Work instruction = Everything from the line containing "Length 250mm Metal" through the line containing "The star cluster" in the listing below should be copied exactly, and nothing more.

Records shown =

↓↓↓

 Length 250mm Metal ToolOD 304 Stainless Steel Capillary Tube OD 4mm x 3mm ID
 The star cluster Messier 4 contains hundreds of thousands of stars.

↑↑↑
↓↓↓

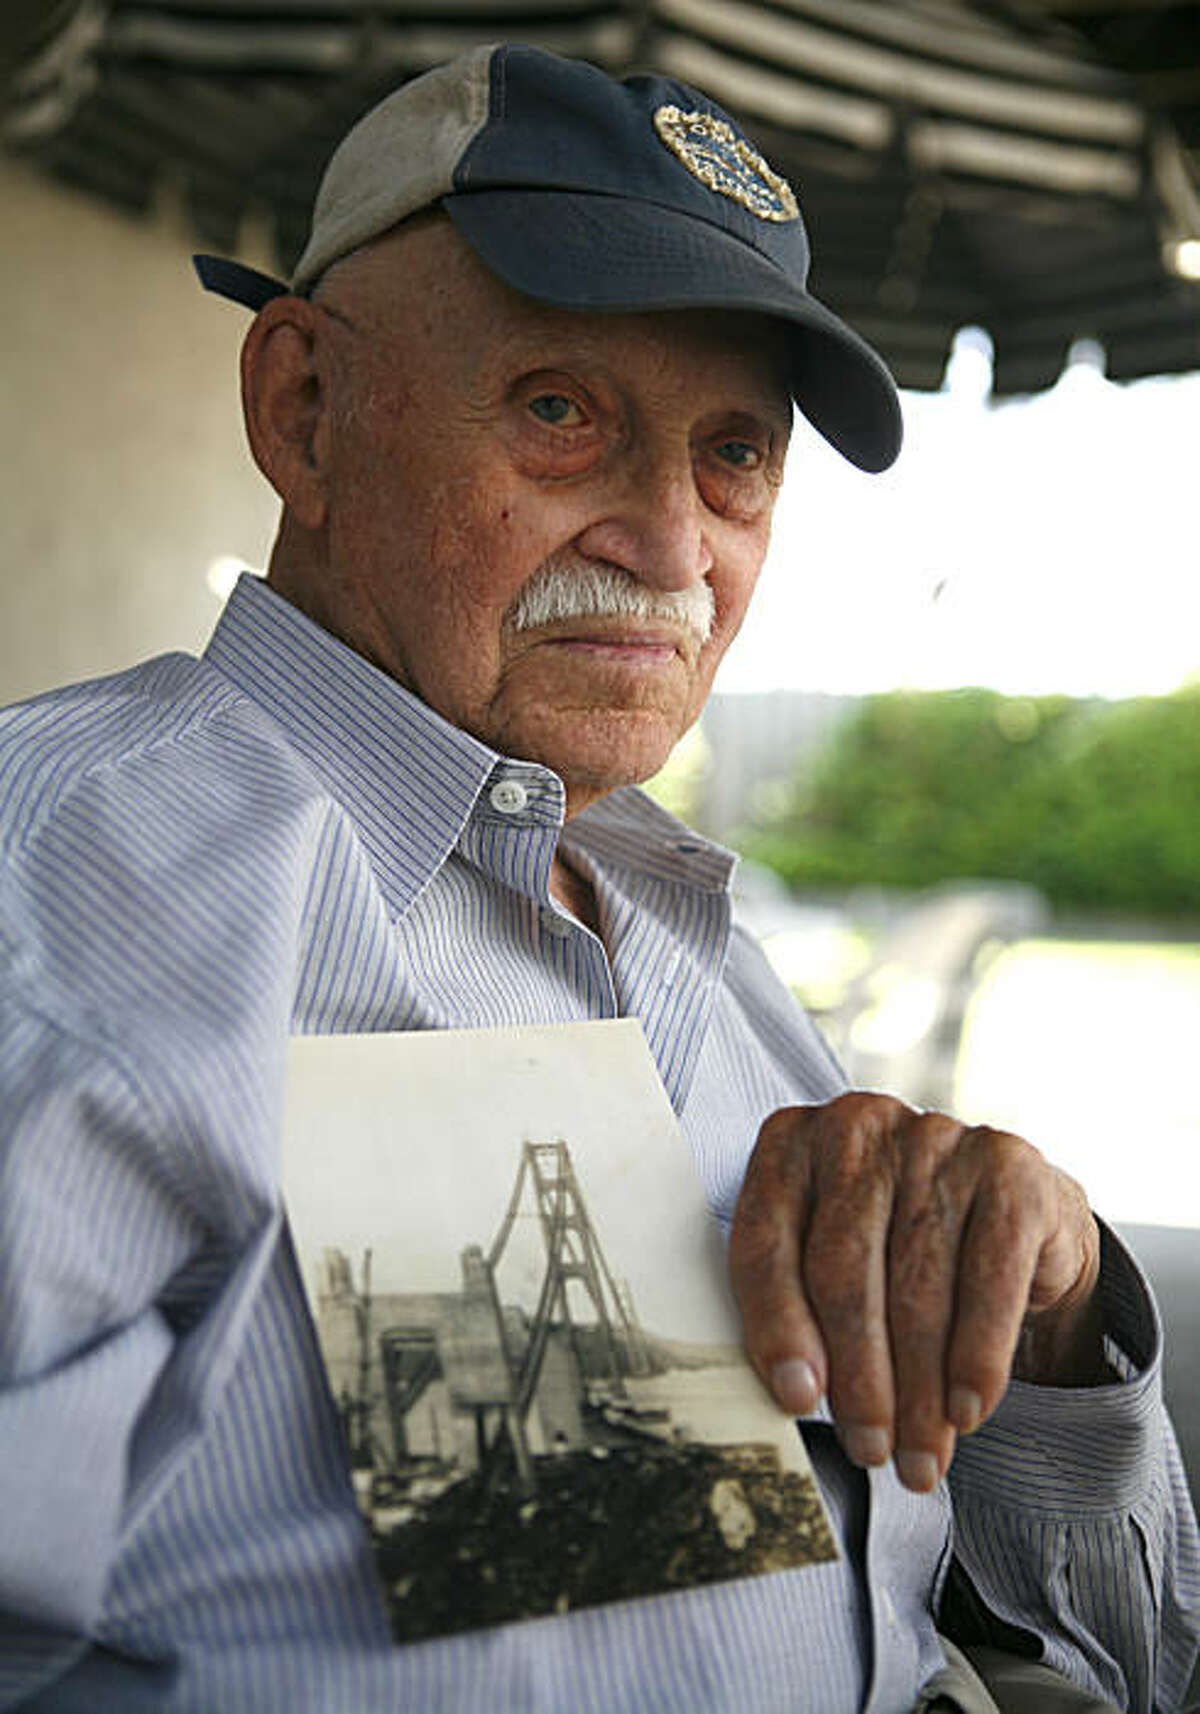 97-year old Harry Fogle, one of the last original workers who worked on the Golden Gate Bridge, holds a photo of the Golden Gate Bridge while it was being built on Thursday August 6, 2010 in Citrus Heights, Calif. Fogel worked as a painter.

↑↑↑

Exercise solution =
 Length 250mm Metal ToolOD 304 Stainless Steel Capillary Tube OD 4mm x 3mm ID
 The star cluster Messier 4 contains hundreds of thousands of stars.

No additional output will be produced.